Assigned task —
Print the listing as it stands, omitting all images.

[Opening Recorded data section]

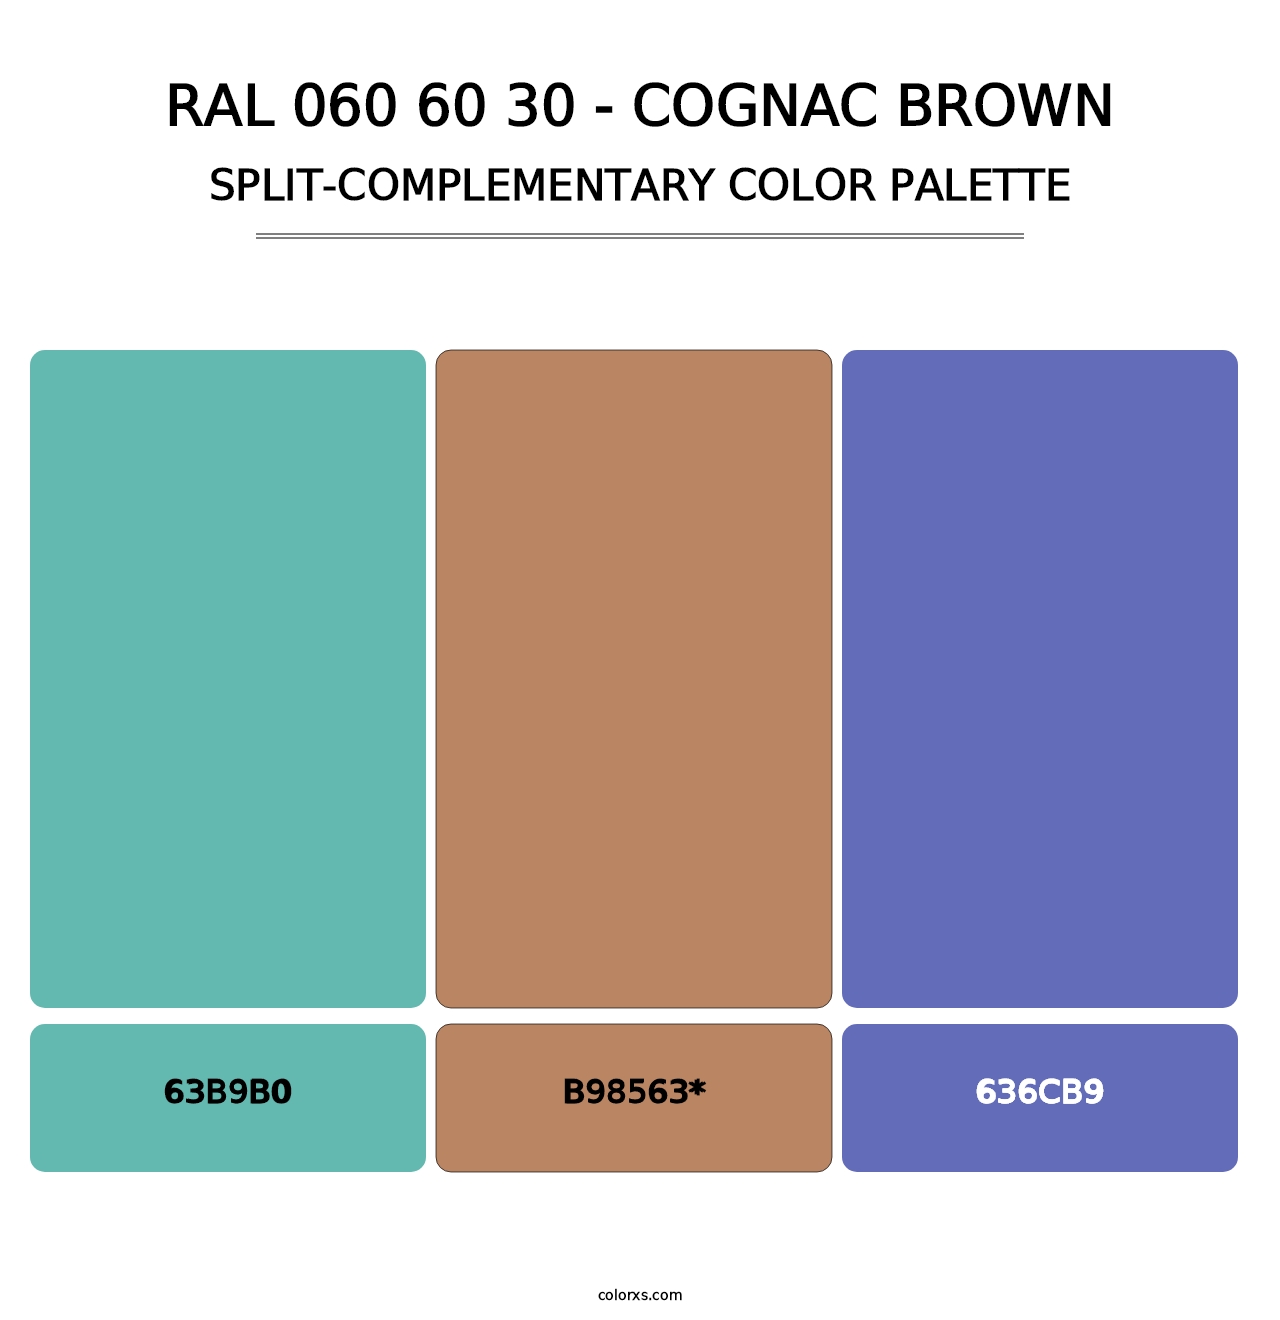 RAL 060 60 30 - Cognac Brown - Split-Complementary Color Palette
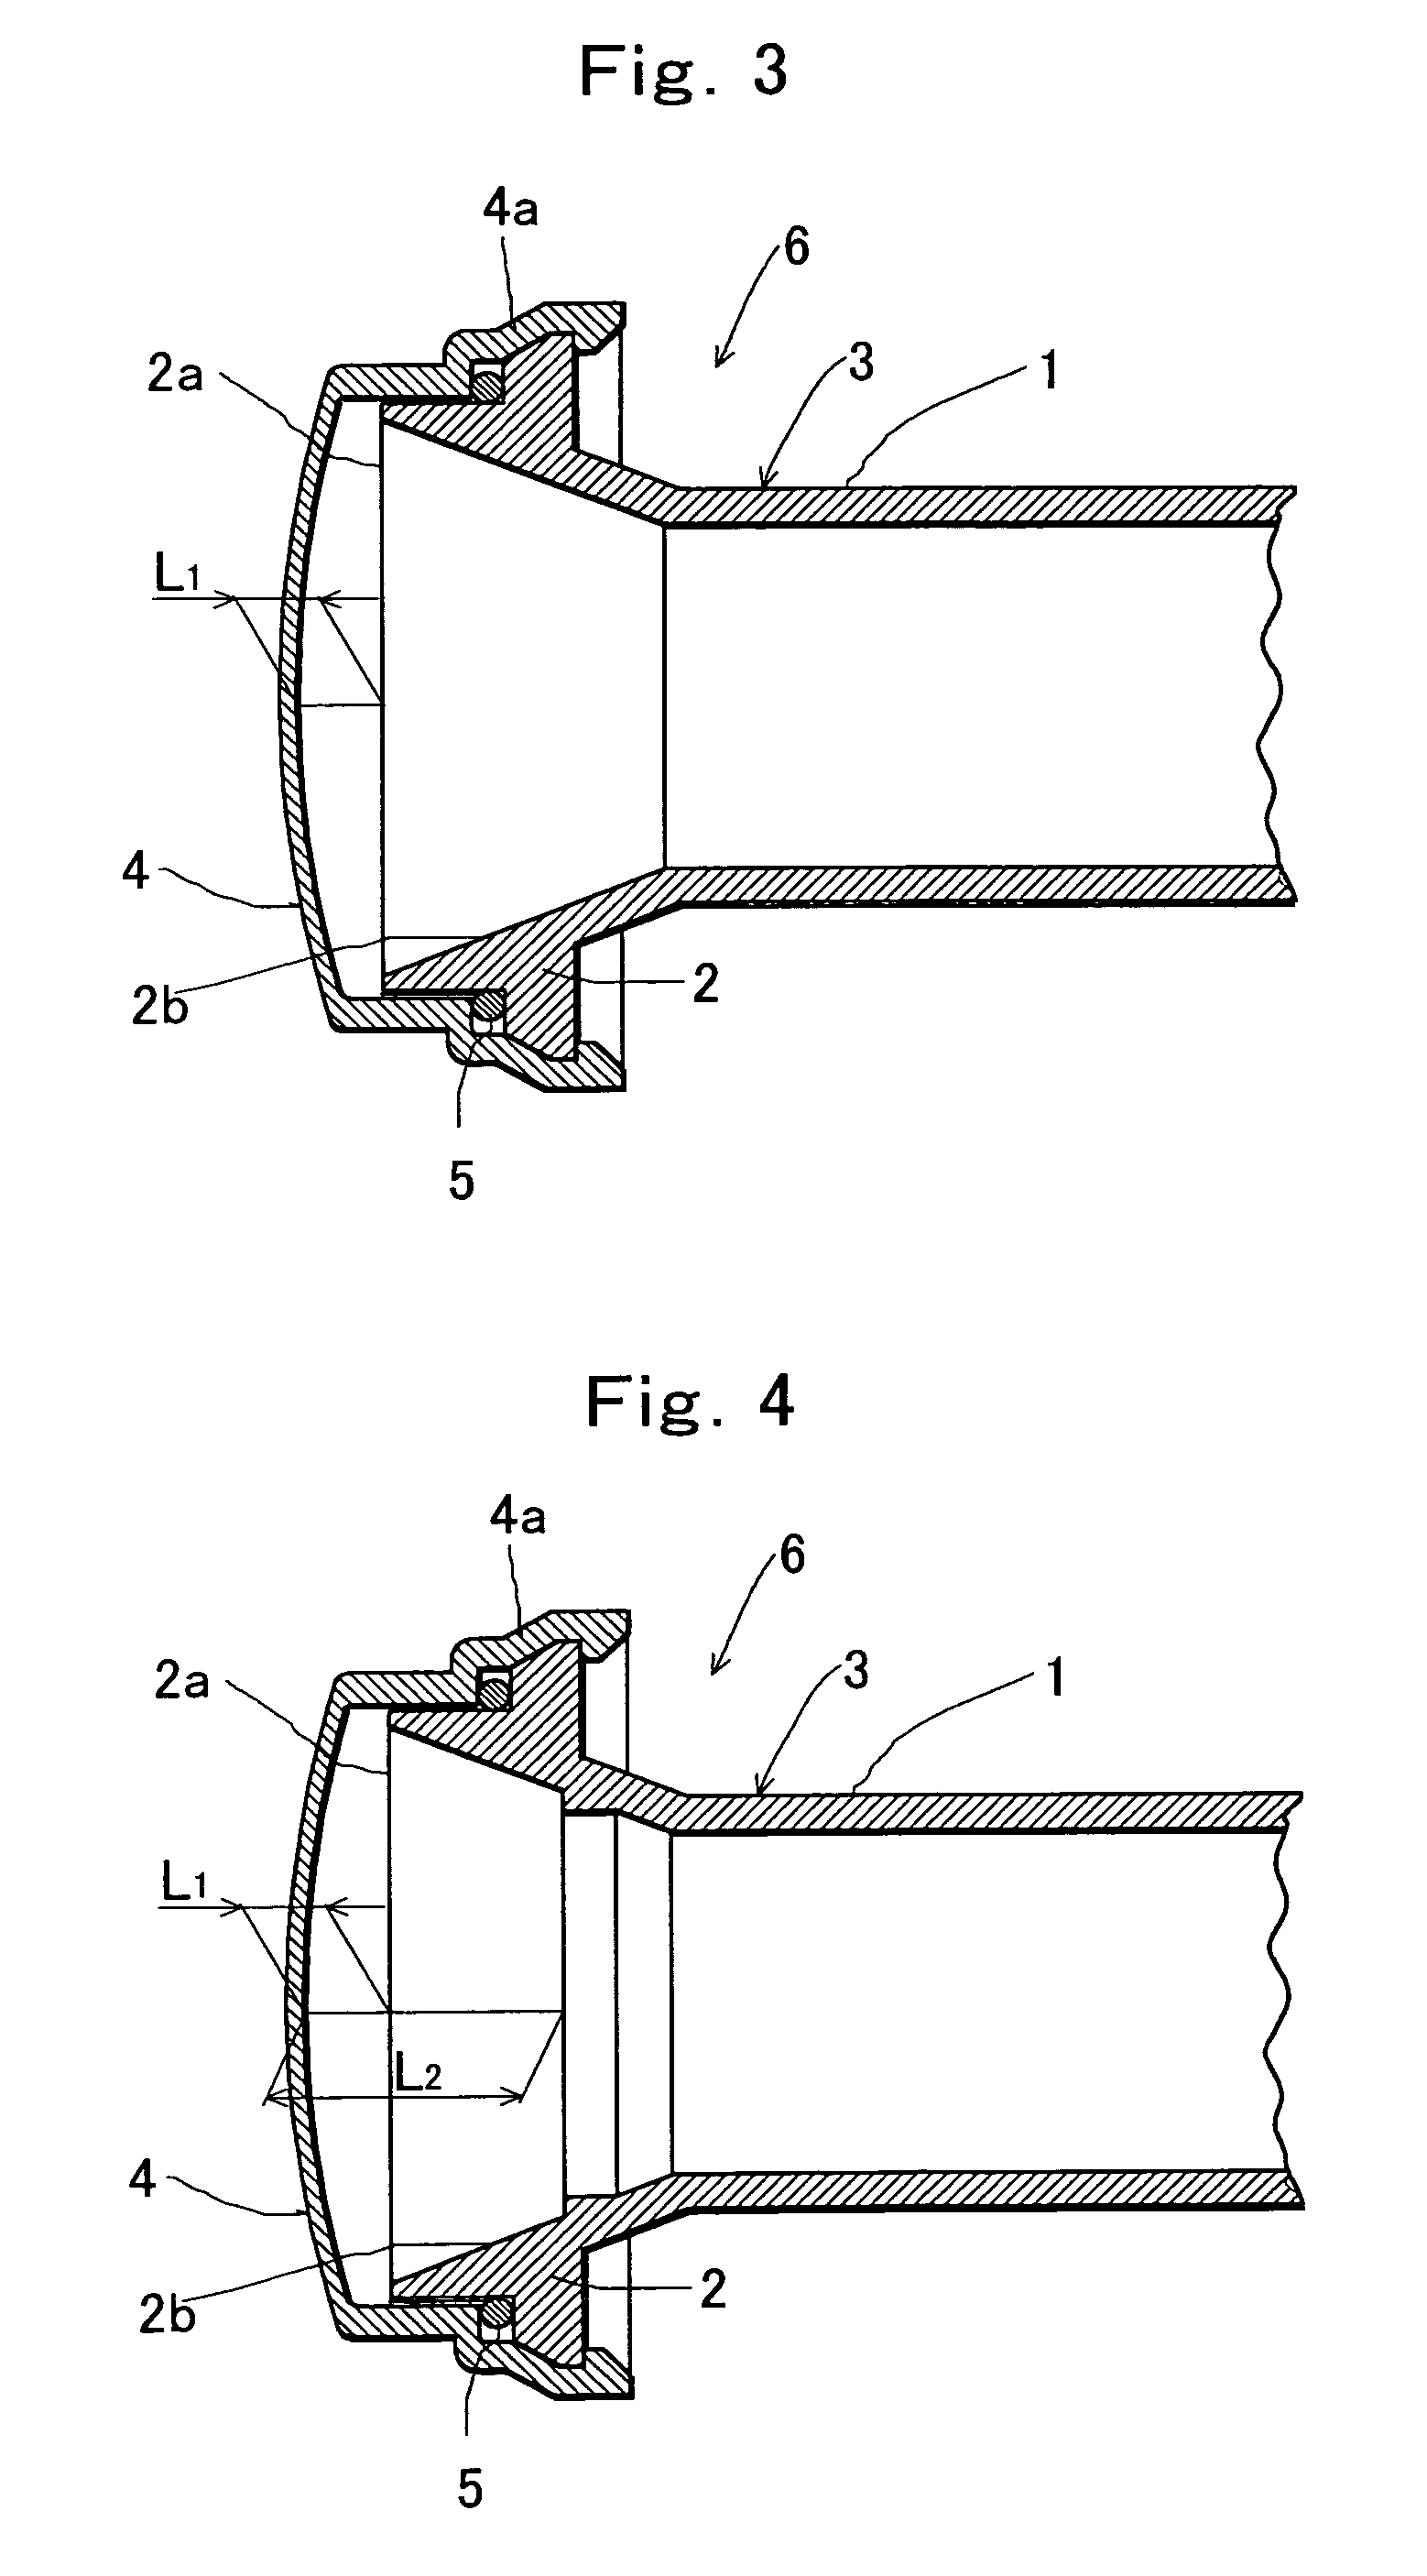 Primary radiator for parabolic antenna
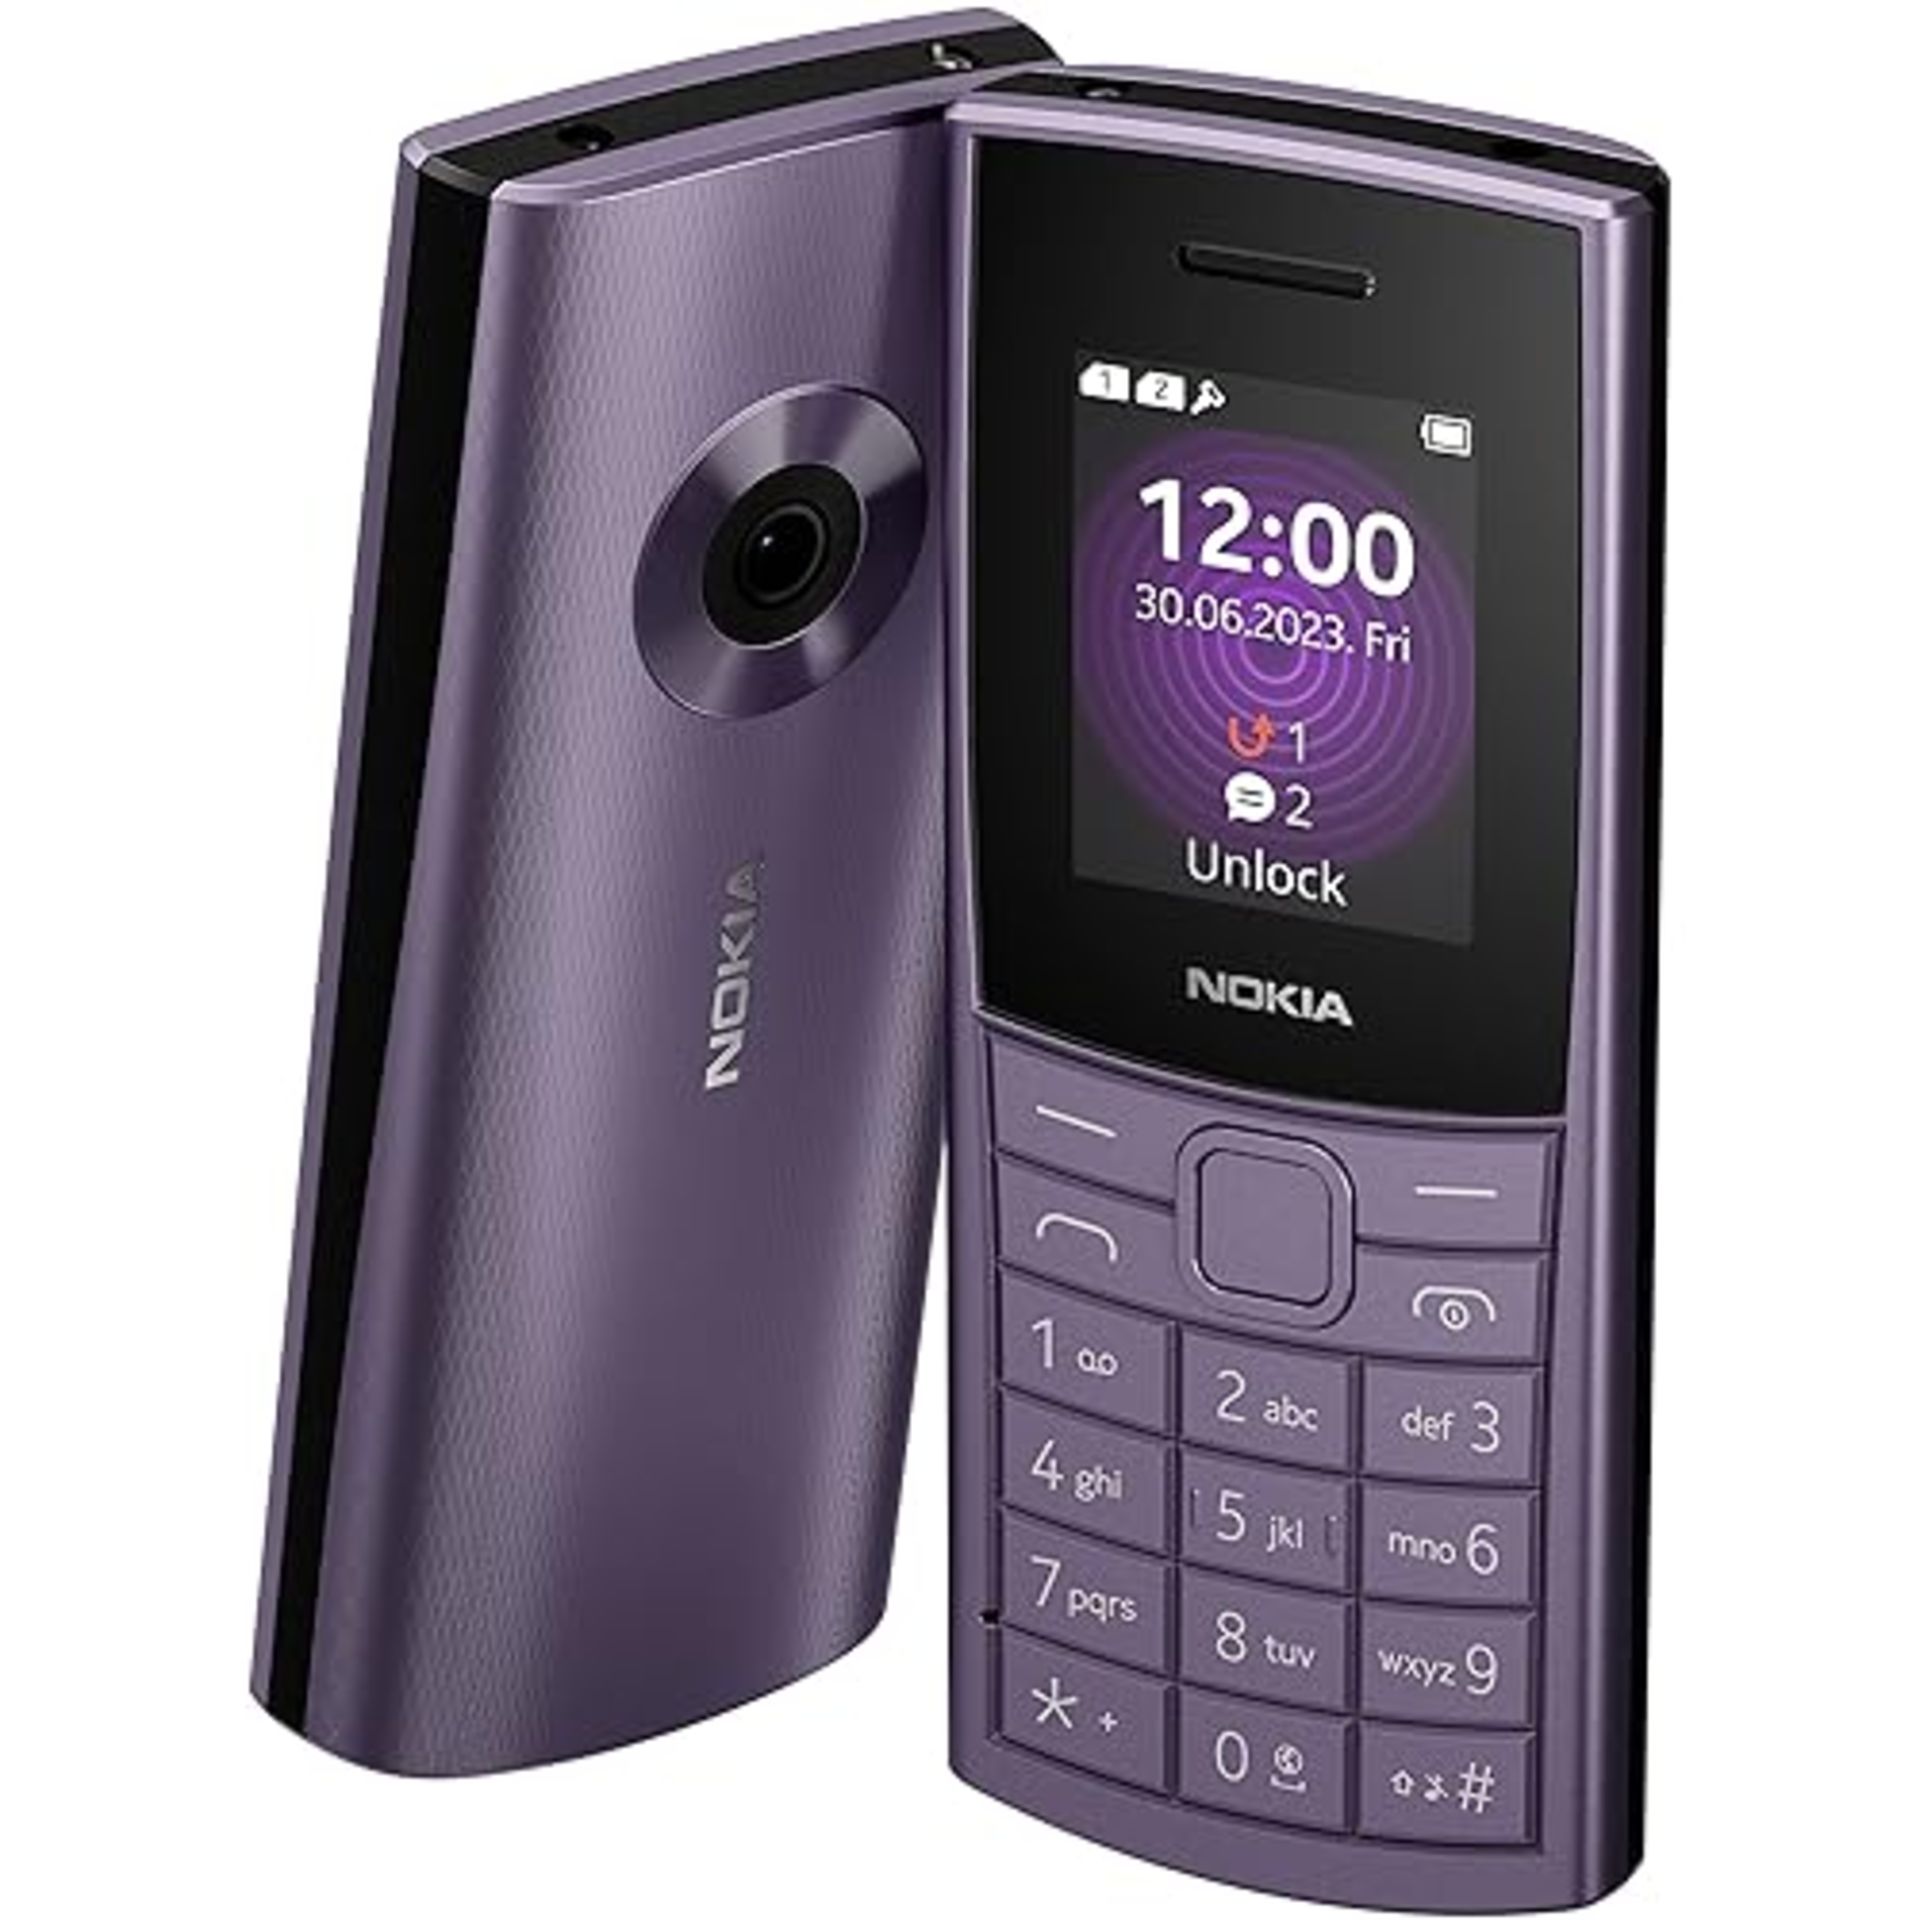 Nokia 110 4G Feature Phone With Camera, Bluetooth, FM radio, MP3 player, MicroSD, Long-Lasting Batt

[Closing Recorded data section]

Response for this exercise —
 RAL 060 60 30 - Cognac Brown - Split-Complementary Color Palette
 Primary radiator for parabolic antenna
 Nokia 110 4G Feature Phone With Camera, Bluetooth, FM radio, MP3 player, MicroSD, Long-Lasting Batt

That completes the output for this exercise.